SECTION 7. Regulation FD
Except for the historical information presented in this document, the matters discussed in this Form 8-K, or otherwise incorporated by reference into this document, contain "forward-looking statements" (as such term is defined in the Private Securities Litigation Reform Act of 1995). These statements are identified by the use of forward-looking terminology such as "believes", "plans", "intend", "scheduled", "potential", "continue", "estimates", "hopes", "goal", "objective", expects", "may", "will", "should" or "anticipates" or the negative thereof or other variations thereon or comparable terminology, or by discussions of strategy that involve risks and uncertainties. The safe harbor provisions of Section 21E of the Securities Exchange Act of 1934, as amended, and Section 27A of the Securities Act of 1933, as amended, apply to forward-looking statements made by the Registrant. The reader is cautioned that no statements contained in this Form 8-K should be construed as a guarantee or assurance of future performance or results. These forward-looking statements involve risks and uncertainties, including those identified within this Form 8-K. The actual results that the Registrant achieves may differ materially from any forward-looking statements due to such risks and uncertainties. These forward-looking statements are based on current expectations, and the Registrant assumes no obligation to update this information. Readers are urged to carefully review and consider the various disclosures made by the Registrant in this Form 8-K and in the Registrant's other reports filed with the Securities and Exchange Commission that attempt to advise interested parties of the risks and factors that may affect the Registrant's business.
Note: Information in this report furnished pursuant to Item 7 shall not be deemed to be "filed" for purposes of Section 18 of the Securities Exchange Act of 1934, as amended, or otherwise subject to the liabilities of that section. The information in this current report shall not be incorporated by reference into any registration statement pursuant to the Securities Act of 1933, as amended. The furnishing of the information in this current report is not intended to, and does not, constitute a representation that such furnishing is required by Regulation FD or that the information this current report contains is material investor information that is not otherwise publicly available.
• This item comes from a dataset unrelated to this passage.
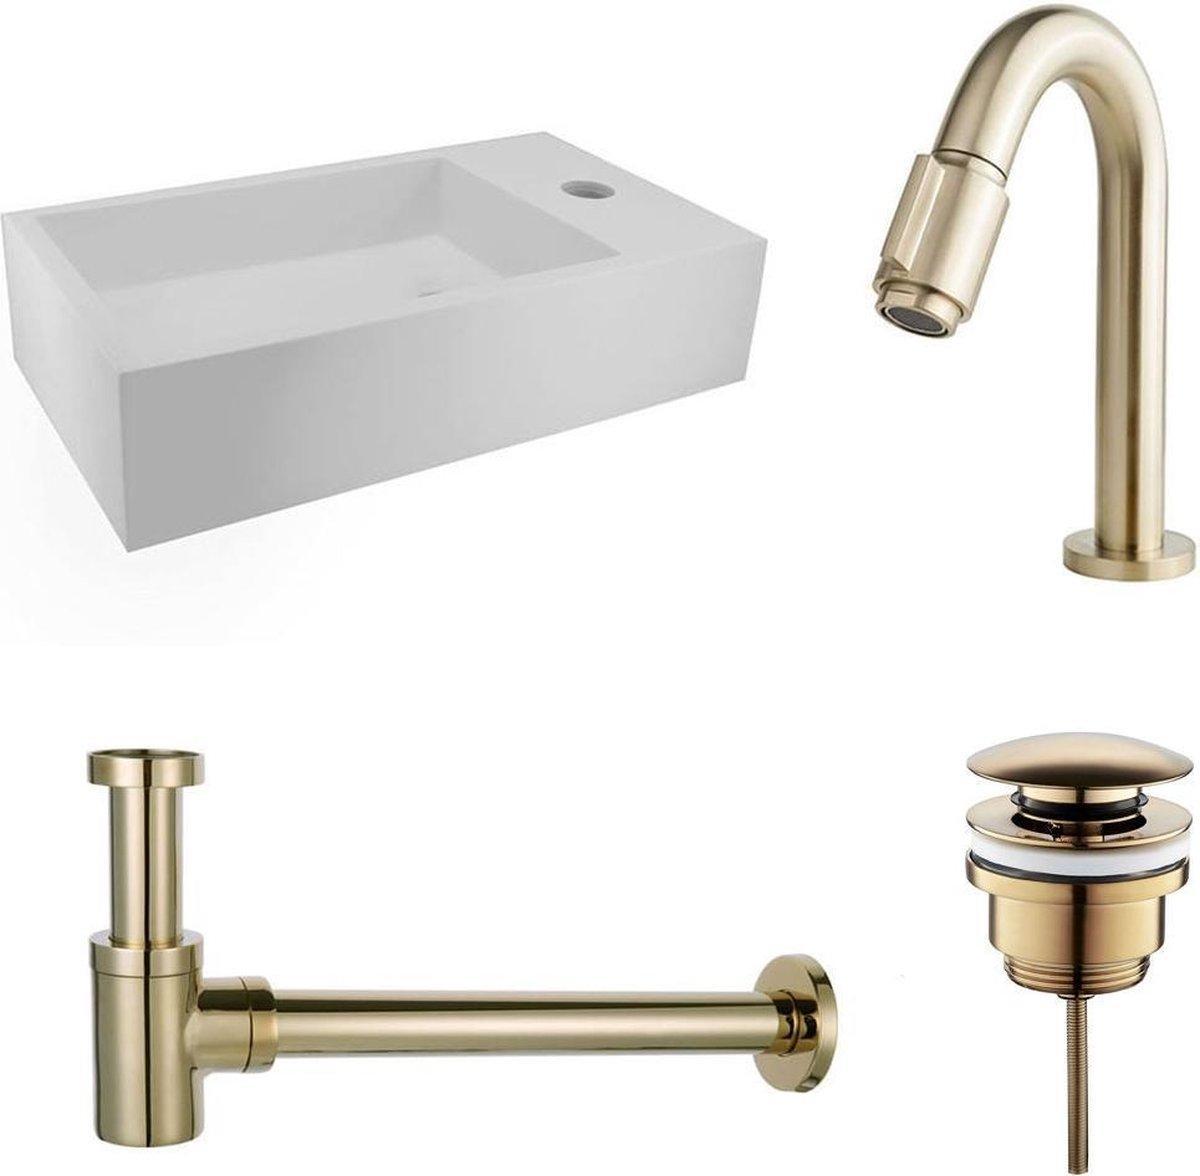 Fonteinset Nila Solid Surface Mat Wit Rechts 40x22x10cm Toiletkraan Knop Clickwaste Sifon Geborsteld Goud
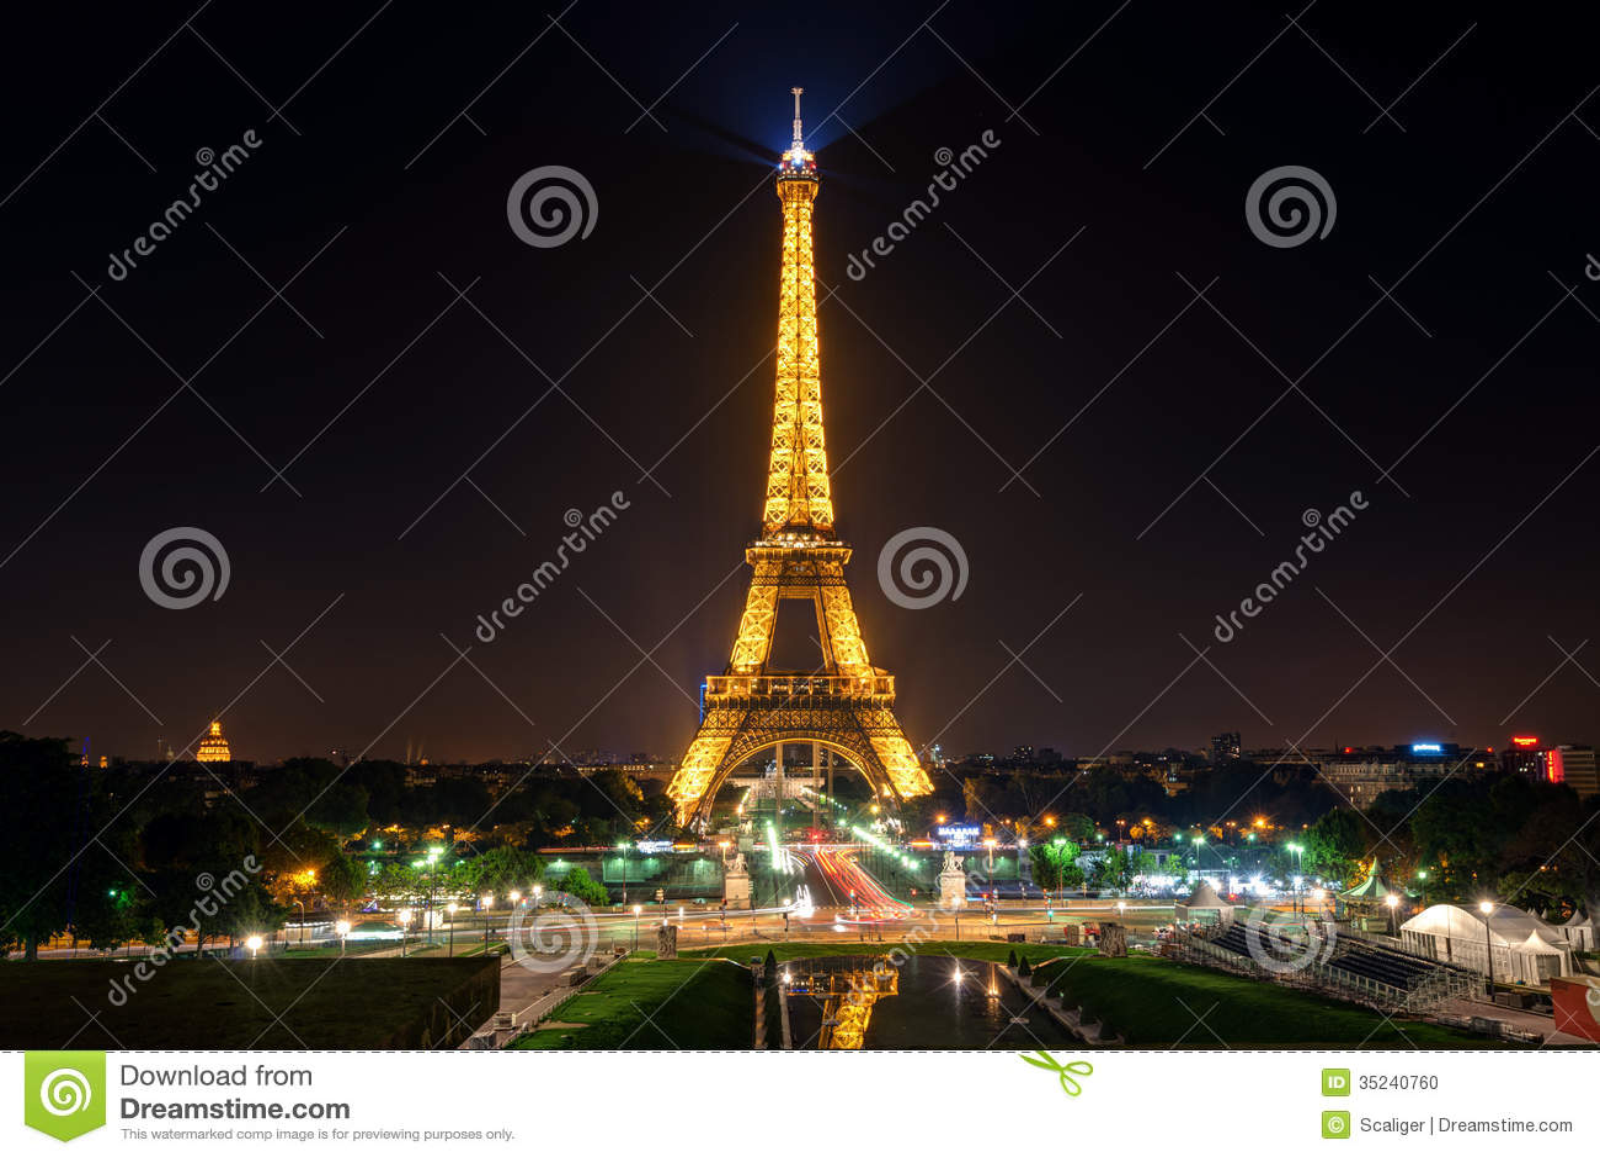 Fajarv Paris At Night Attractions

On February 2, 2005, HepaLife Technologies, Inc. issued a news release to announce plans to expand its scientific research team in order to further bolster the Company’s ongoing development of the first-of-its-kind artificial liver device, and its proprietary in vitro toxicology and pre-clinical drug testing platforms. This news release, dated February 2, 2005, is attached as Exhibit 99.1 to this Form 8-K and is incorporated herein by reference.
SECTION 8. Other Events
None.
SECTION 9. Financial Statements and Exhibits
The following exhibits are furnished as part of this report:
Exhibit 99.1 – Press Release dated February 2, 2005
SIGNATURES
Pursuant to the requirements of the Securities Exchange Act of 1934, the registrant has duly caused this report to be signed on its behalf by the undersigned hereunto duly authorized.
HEPALIFE TECHNOLOGIES, INC.
/s/ Arian Soheili
Arian Soheili
President and CEO
Date: February 8, 2005
EXHIBIT 99.1
HepaLife to Expand Research Team
Vancouver, BC – February 2, 2005 – HepaLife Technologies, Inc. (OTCBB: HPLF), a development stage biotechnology company focused on the research, development and eventual commercialization of technologies and products for liver toxicity detection and the treatment of various forms of liver dysfunction and disease, today announced plans to expand its scientific research team in order to further bolster the Company’s ongoing development of the first-of-its-kind artificial liver device, and its proprietary in vitro toxicology and pre-clinical drug testing platforms.
As a result of evolving scientific events and HepaLife’s ensuing initiative to progress its science at an accelerated pace, the Company announced plans to expand its research team with the appointment of additional bioengineering and toxicology staff, who will focus their efforts on specific application and further optimization of HepaLife’s proprietary embryonic liver stem cell line, PICM-19H and its associated lineage.
“We’ve been fortunate to see encouraging outcomes from PICM-19 related research to-date,” explained Mr. Arian Soheili, President of HepaLife Technologies, Inc. “Now, we believe its time to fully capitalize on these results and to proactively expedite our efforts in two keys areas – further development and testing of an experimental bioreactor unit that will be the prototype of a bio-artificial liver device, and timely advancement of our toxicology related science.”
Recently, HepaLife’s results from research into PICM-19H surpassed Management’s initial expectations. Notably, these cells recorded growth of 2-3 times the density of their parent cell line, while determinations of inducible P-450, ammonia removal, and urea production similarly yielded markedly positive results, all highly beneficial attributes towards the development of a bio-artificial liver device for use by human patients.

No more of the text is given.